The middle size of the universe

by John on November 15, 2010

From Kevin Kelly’s book What Technology Wants:

Our body size is, weirdly, almost exactly in the middle of the size of the universe. The smallest things we know about are approximately 30 orders of magnitude smaller than we are, and the largest structures in the universe are about 30 orders of magnitude bigger.

Related posts:

There isn’t a googol of anything
Means and inequalities
Logarithms, music, and arsenic

{ 2 trackbacks }

Tweets that mention The middle size of the universe — The Endeavour -- Topsy.com
11.15.10 at 10:05
Solution to Renaissance problem — The Endeavour
12.02.11 at 16:17

{ 11 comments… read them below or add one }

1

Zeno 11.15.10 at 09:19

I’d attribute that to observation bias.

http://en.wikipedia.org/wiki/Observation_bias#Biases

2

Jason 11.15.10 at 09:28

Seconded, Zeno, or if not exactly observation bias, the reflection of a natural tendency for our knowledge to advance from the most familiar outward.

3

John 11.15.10 at 09:48

I thought about observation bias, but I don’t think that’s an issue here. If blue whales were able to measure the age (hence the size) of the universe, I don’t see why they would find the universe younger or older than we do. And I don’t see why whales would measure things like Plank’s constant any differently than we do. Sentient whales might use different units of measure, presumably larger units, but Kelly’s observation has nothing to do with units of measurement.

4

mat roberts 11.15.10 at 11:27

So what?

@Whales. If the human scale is 2m and the whale scale is 20m, isn’t a whale almost exactly in the middle of the scale too?

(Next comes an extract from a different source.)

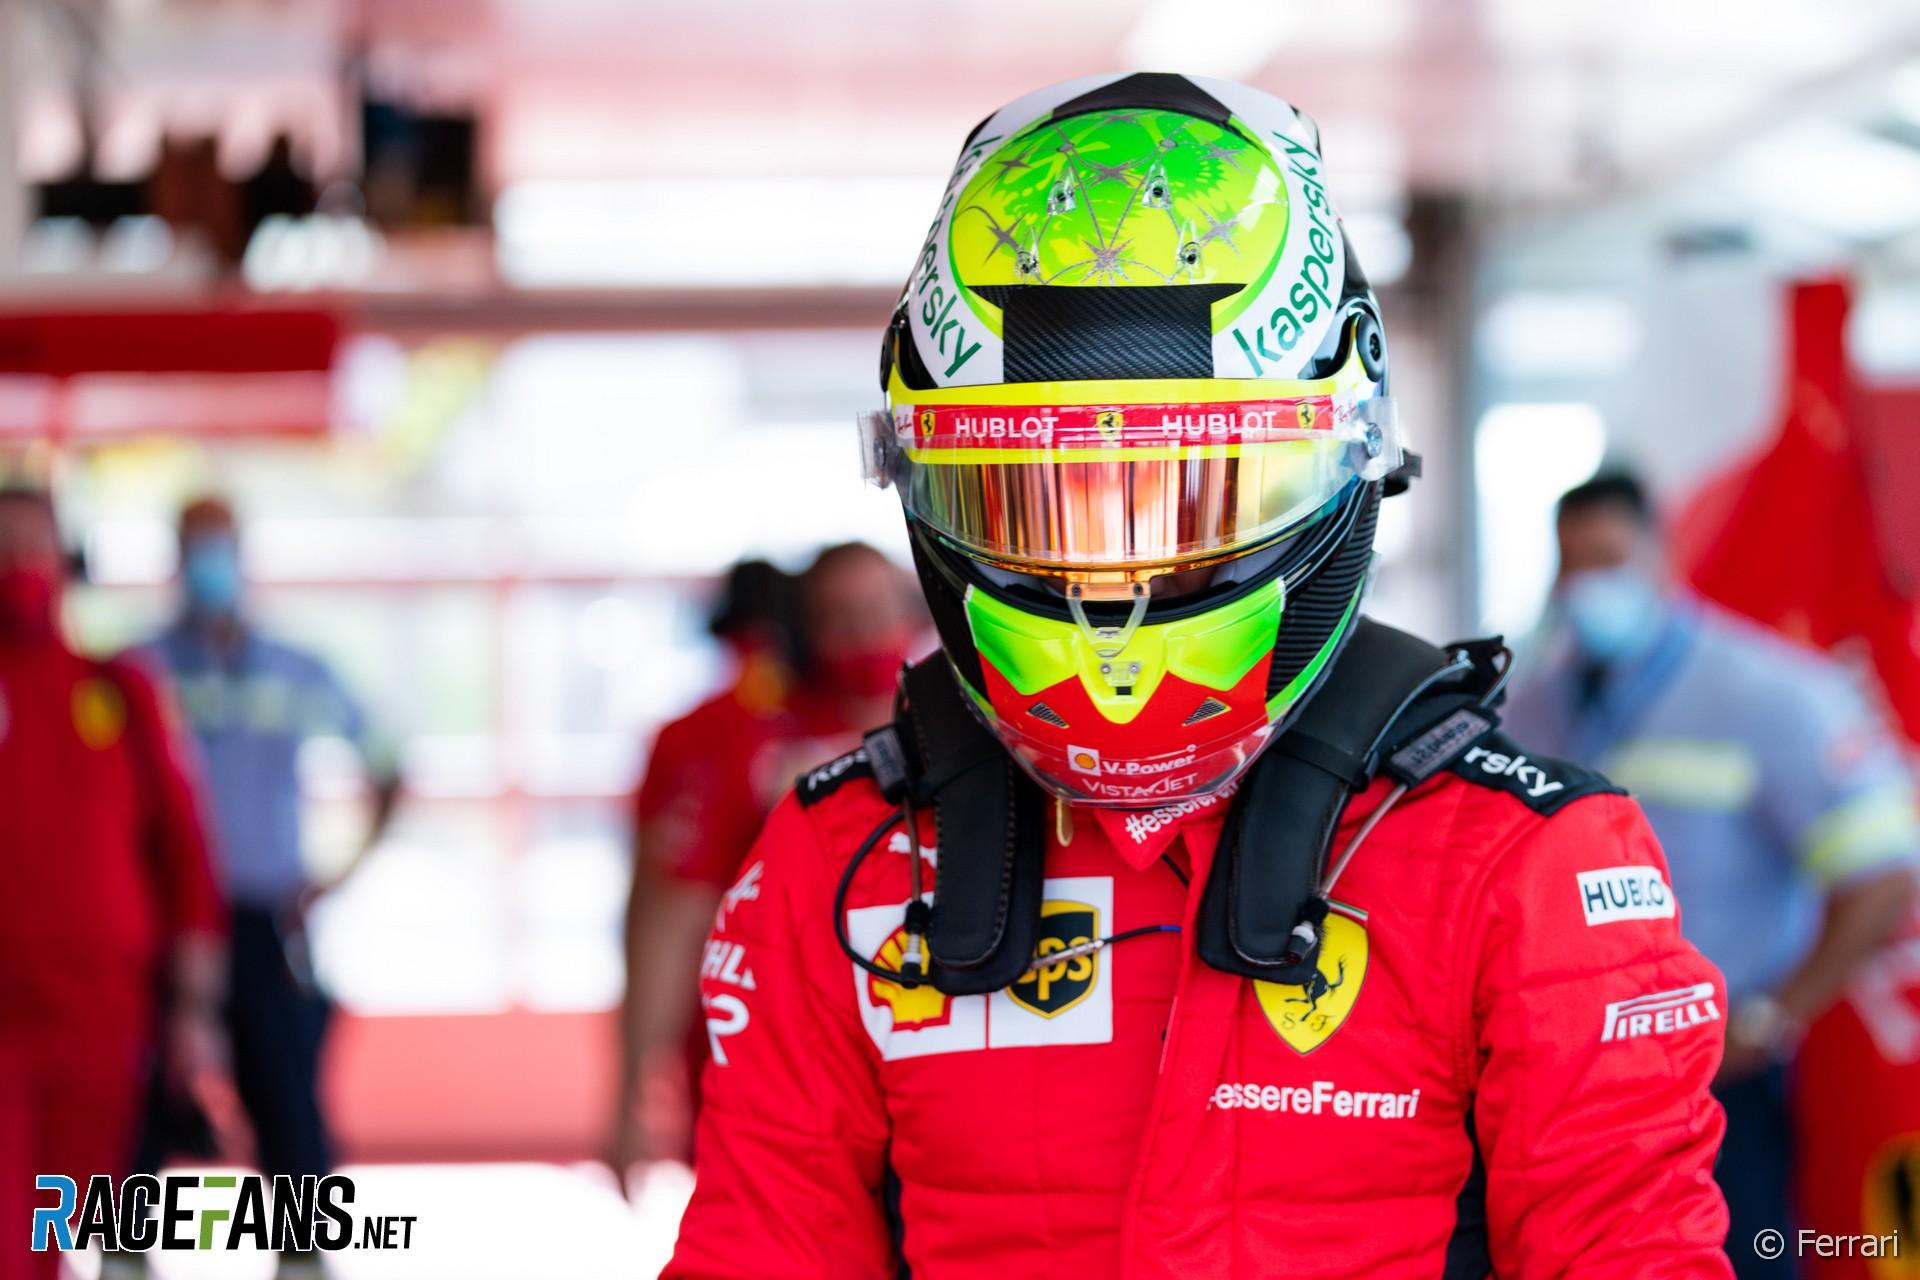 Mick Schumacher Ferrari Fiorano 2020 Racefans

What’s is the lower bound?
The Planck length is 10^-35m. http://en.wikipedia.org/wiki/Planck_length
An electron is say 10^-20m. http://www.physicsforums.com/archive/index.php/t-40815.html

What is the upper bound?
The radius of the observable universe is apparently 46 billion light years
http://en.wikipedia.org/wiki/Observable_universe
Which I reckon is 4×10^26m

Maybe I’ve got something wrong.

5

John 11.15.10 at 11:55

Mat: You are correct that whales are not several orders of magnitude larger than humans, so my analogy is weak. But I still don’t see why a larger creature, say one the size of a planet, would come up with a different age/size of the universe. I think the top end of the scale is fixed.

The bottom end of the scale is fuzzier since it’s not clear what to consider the smallest “thing”.

6

John 11.15.10 at 12:03

If you consider the largest thing to be the largest galaxy rather than the universe itself, and if you consider the smallest thing an electron, then you could say we’re in the middle between things 20 orders of magnitude larger and smaller.

7

Andrew Dalke 11.15.10 at 15:35

Why would you exclude galactic clusters and superclusters, and walls and voids? The Sloan Great Wall is 1.37 billion light years or 1.30×10^25 m. in length.

8

Justin Lilly 11.15.10 at 16:42

I think the initial size matters a great deal. For humans, I would expect the progression to go something like: Human. Part of a human (arm). Hand. Finger. Knuckle. Skin. Skin Cell. and on down.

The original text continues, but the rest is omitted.